Gambler's Fallacy
Also known as: Monte Carlo fallacy
Believing that past random events change the odds of future ones — like expecting a coin to land heads because it's been tails five times.
Examples
At a family game night, a die hasn’t shown a six in the last ten rolls.
Nadia: “It’s about time for a six — statistically, it has to come up soon.”
Each roll of a fair die is independent of the last one. The die doesn’t track how long it’s been since a six, and the odds of rolling one next are exactly what they were ten rolls ago: one in six.
The most famous version of this happened at a Monte Carlo casino in 1913, and it still gets retold online:
Forum post: “At the Monte Carlo casino in 1913, roulette landed on black 26 times in a row. Gamblers lost millions betting red because they figured it was ‘due’ after so many blacks.”
Each spin of the wheel was independent — the wheel had no memory of the previous 25 spins. The streak, however extraordinary, didn’t change the odds of the next spin at all.
Why the reasoning fails
The gambler’s fallacy assumes that independent random events somehow balance out in the short run, as if a tally were being kept and had to be corrected. But independence means the opposite: each event’s outcome has no effect on the next one’s probability. A coin, die, or roulette wheel has no memory. Streaks feel like they’re “due” to break because people intuitively expect randomness to look evenly spread out even over small samples, but genuine randomness produces streaks regularly — they aren’t a sign that a correction is coming.
How to respond
- Ask whether the events are actually independent: “Does what happened before change the odds this time, or is each one separate?”

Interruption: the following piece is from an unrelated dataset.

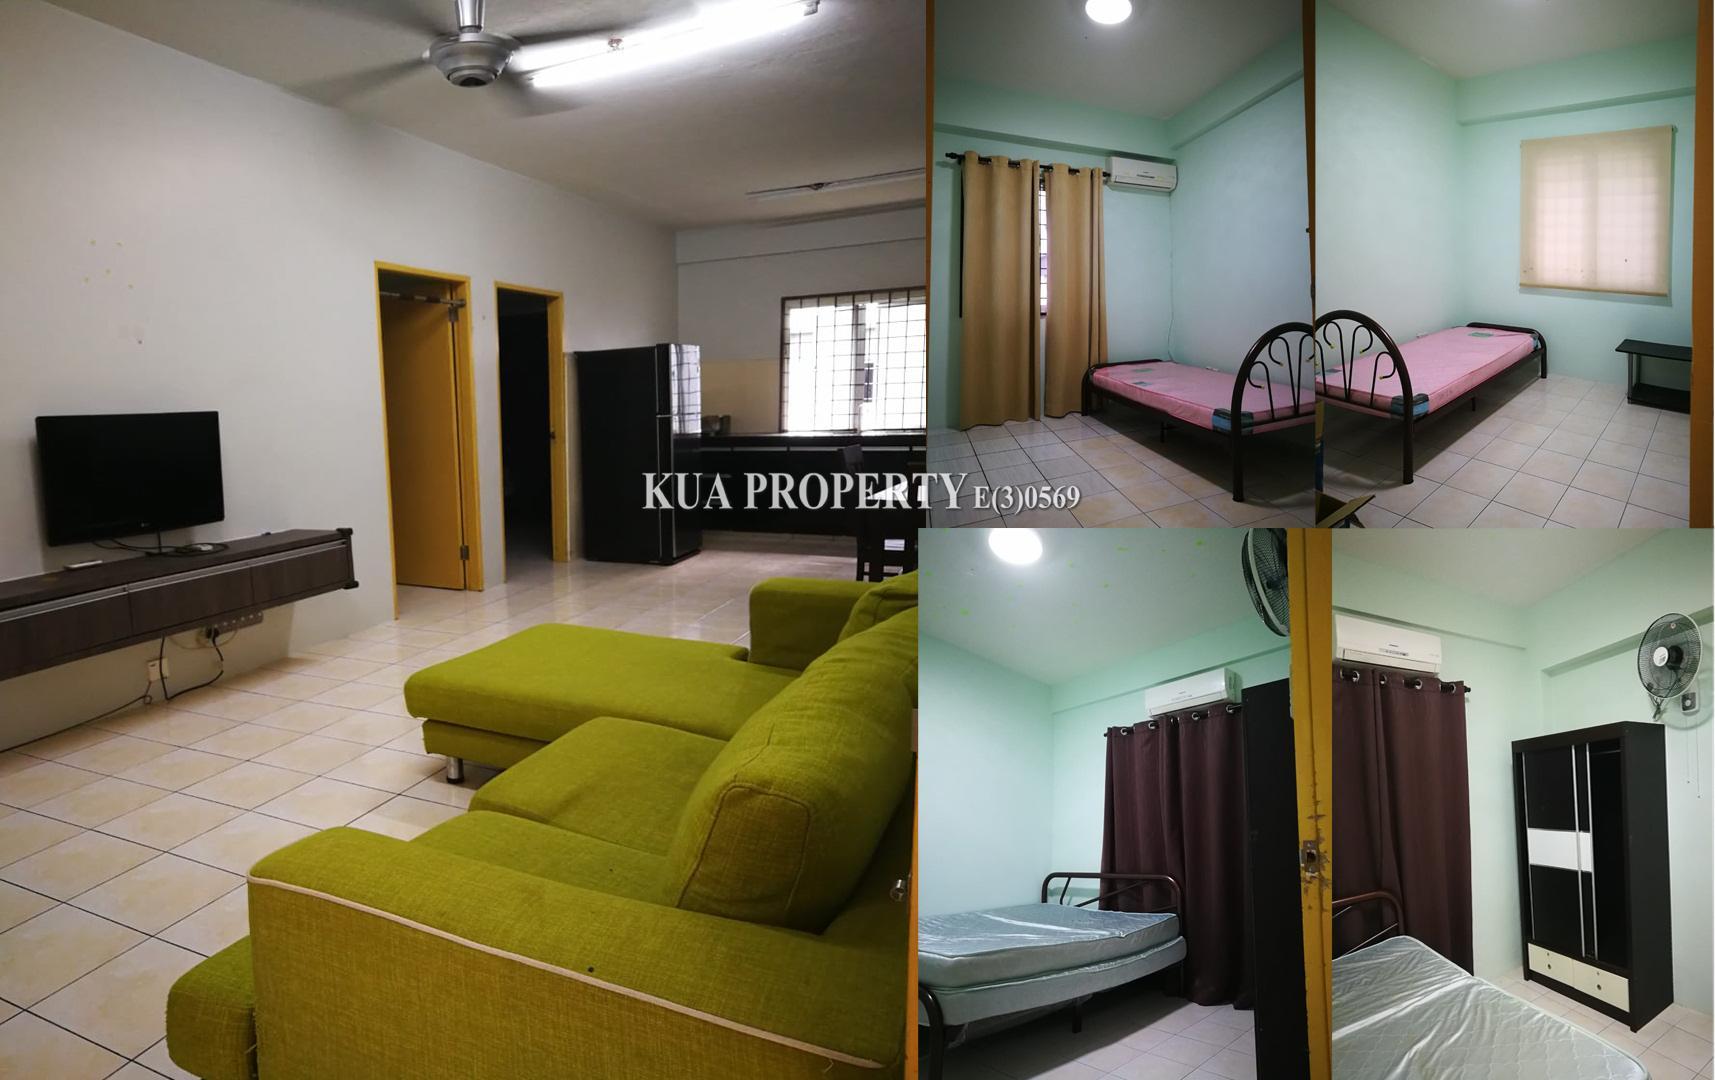 Ground Floor Samajaya Apartment For Rent at Muara Tabuan

- Point to the math plainly: “The odds reset every roll — it’s still one in six no matter what the last ten were.”
- Distinguish it from real pattern tracking. If past results genuinely shift future odds — cards not being reshuffled in a deck, say — noticing that isn’t a fallacy, it’s just correct.
- Skip the lecture over small stakes. If a friend jokingly calls a die “due,” it’s rarely worth a formal correction unless real money or decisions ride on it.